Wednesday, November 17, 2010

Imaging Linux

So, I've been raving about this Backup and Recovery book by Curtis Preston to anyone who will listen (and can still find some joy in revisiting old concepts). What I like the most about this book is that it offers a lot of common sense, nuts and bolts advice about backups: the why, the how, the what, and most importantly gives valuable tips on how to design your own backup strategy. As I'd mentioned in a previous post there's a whole section on bare metal recoveries and the various options for Windows and Linux. For Windows it pretty much boils down to doing some kind of alt-boot imaging, either whole disk or partitioned, but with Linux you can also create live images provided you're not using LVM, software RAID, or using extended partitions. Luckily for me my environment doesn't use any of that (except for one server).

The steps, in a nutshell, are to use dd to backup your drive, and use a live CD like Knoppix to put the image back in place. My setup is pretty simple with only 3 partitions: /, /boot, and swap. I made a share on my SBS 2003 box, and used dd to back up the partitions and the MBR. I also made a copy of fstab for reference. Then I trashed my drive by using dd to zero out the MBR and the first 1GB of each partition.

First I tried the restore by booting off of my Knoppix bootable thumb drive. I rebooted once I'd gotten everything back in place and...what's this? Huh. Interesting little error: ALERT! /dev/disk/by-uuid/ #### does not exist. Dropping to shell.

Ummm, okay. Hmmm. So I do some digging and get a lot of good information. The thing about plans not going right is you inevitably end up learning something from it, which is great. Those learned things are often the kind of thing you don't get from every day use either.

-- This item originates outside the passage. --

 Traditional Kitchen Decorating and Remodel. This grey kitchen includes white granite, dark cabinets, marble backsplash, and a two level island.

I can take that attitude you see because this is all test and not production. Phew. Score one for the test environment team.

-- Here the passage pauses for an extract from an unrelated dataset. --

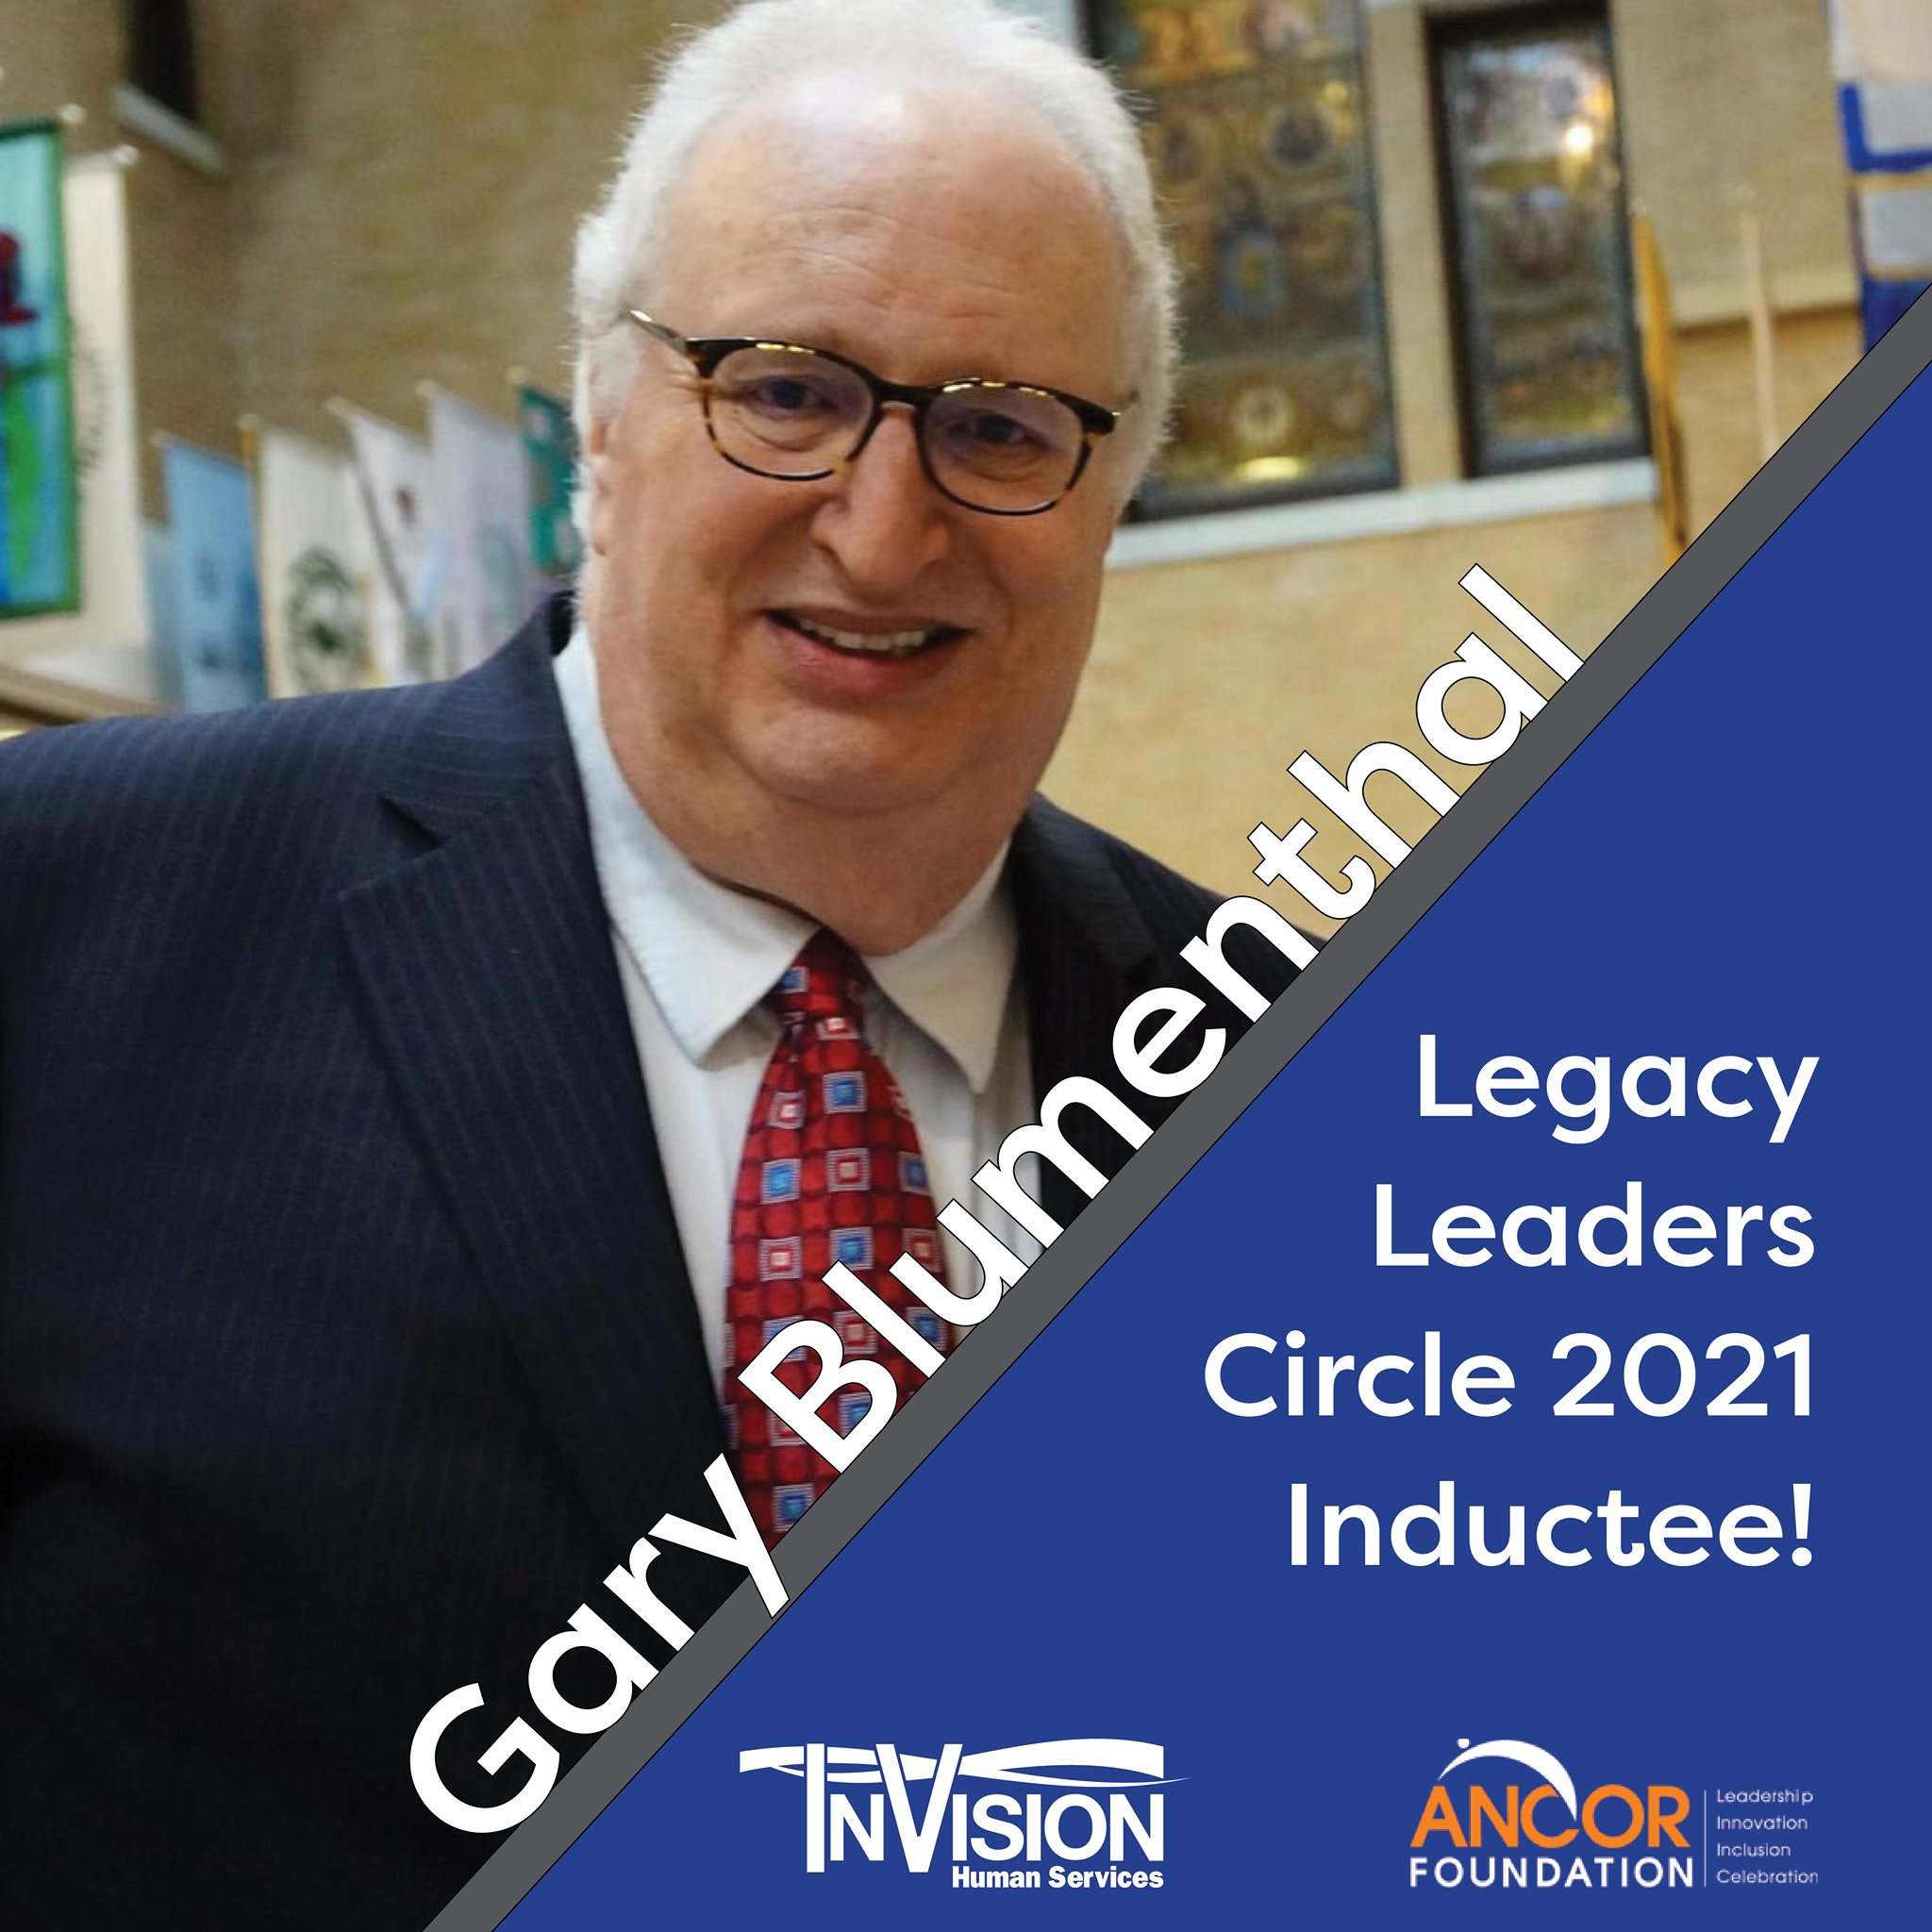 Gary Blumenthal Inducted into ANCOR Foundation Legacy Leaders Circle

Anywho, my Googling leads me down the path of /dev/disk/by-uuid and checking fstab and in the end I think my error was that I had used a USB-drive for the recovery. The OS recognized the device as /dev/sda, so the actual drives in the server were mounted as /dev/sdb. That was my thinking at least, so the fix would be to simply change the UUIDs in fstab to whatever /dev/disk/by-uuid was seeing. Or so I thought.

I made the change and rebooted. Same error. What happened? Turns out I got turned upside down and was comparing content in /dev/ instead of in /media/sdb1/dev/... This had to have happened because of using a USB drive, so let me go ahead and recreate this test scenario but this time I'm going to use a CD. The instructions I was following never mentioned a thumb drive anyway. I was being cute; clearly it was not the time or place to be cute.

I won't bore you with the long tale of my CD-burning woes, but let's just say that several disks later I came to find that Knoppix doesn't support SATA drives, so it would not successfully boot the CD. Next step: external CD drive. Holy cow I'm going through a lot for this lab. With the external drive I finally am able to successfully boot into Knoppix so I try my experiment again. Guess what? Same error. Weird upon weird. I checked everything: fstab, grub.cfg, /dev/disk/by-uuid-- the "missing" device is very much there in all places. There is no problem here. I tried changing fstab to reference the actual device instead of the UUID. Still no joy.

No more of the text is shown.